Vladimir Kagan is one of our most enduring designers of modern furniture with a career that has spanned over sixty years. He started designing in 1946 and by the early fifties, his innovative sculptured designs created a new look in American furniture. Today, his sparkling creations are on the cutting edge of the 21st century. His designs are spearheading creative designs for hotels, furniture, textiles and home furnishings. The New York Times says: "Vladimir Kagan is one of the most important furniture designers of the 20th century. Furniture designed by him in the forties, fifties and sixties have become icons of Modernity and an obligatory reference to every designer. He is the creative grandfather of a whole new generation of designers."
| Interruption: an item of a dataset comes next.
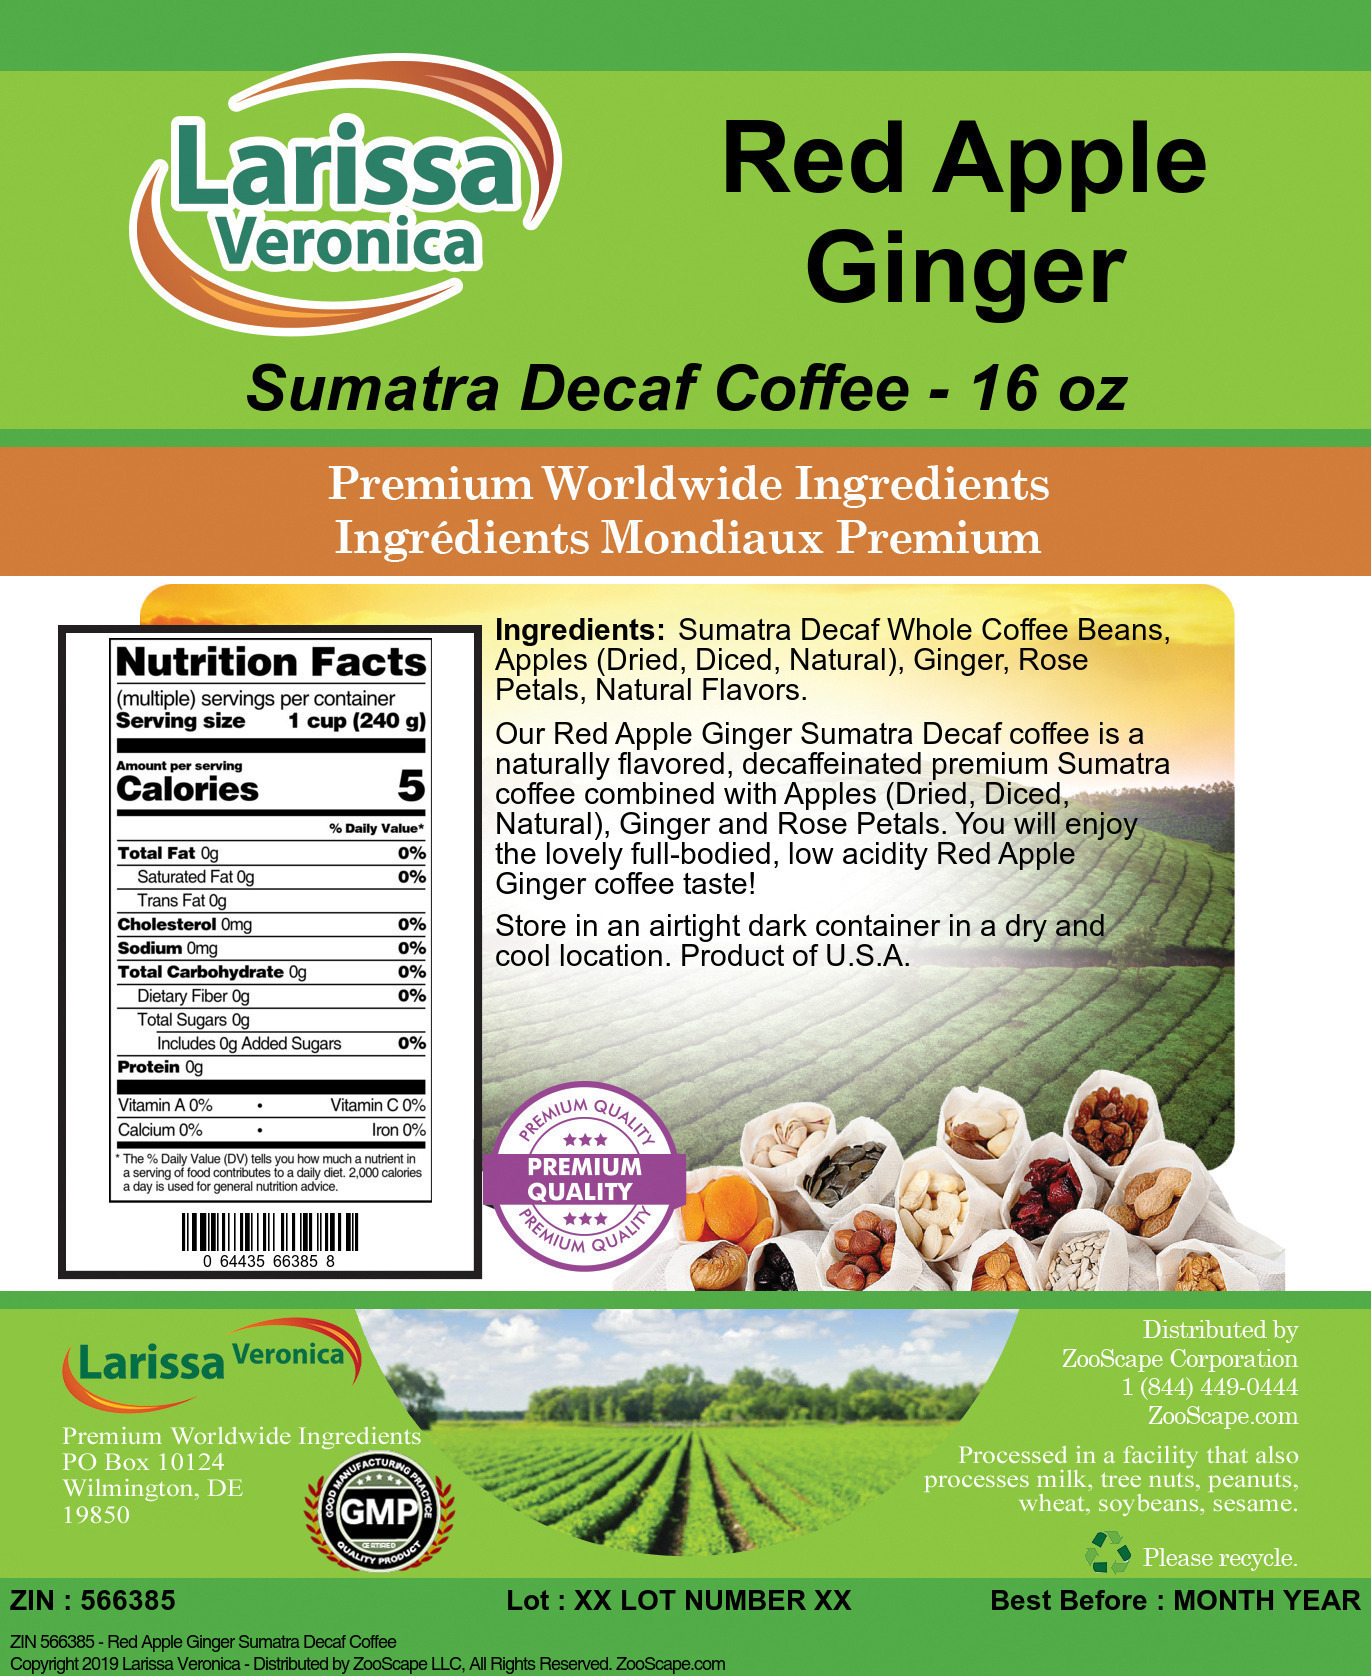 Red Apple Ginger Sumatra Decaf Coffee - Label

Born in Worms on the Rhine, Germany in 1927, Vladimir Kagan came to the United States in 1938. His earliest focus was on painting and sculpture but in his formative years he became exceedingly attracted to architecture and design. He studied Architecture at Columbia University and in 1947 joined his father, Illi Kagan, a master cabinetmaker, to work in his woodworking shop and learn furniture making from the ground up.
Early commissions included the Delegate's Cocktail Lounges for the first United Nations Headquarters in Lake Success N.Y. (1947-48). In 1948 he opened his first shop in New York on East 65th Street and moved to fashionable 57th Street in 1950. His clients are luminaries in the world of art, theater, music and industry.
Connoisseurs and museums are avidly collecting his designs today. Kagan's furniture is in private collections worldwide. His prize-winning designs have been published in books and magazines internationally and are in the permanent collections of the V&A London, the Vitra Design Museum and Die Neue Samlung in Germany as well as in the most prominent museums in the United States.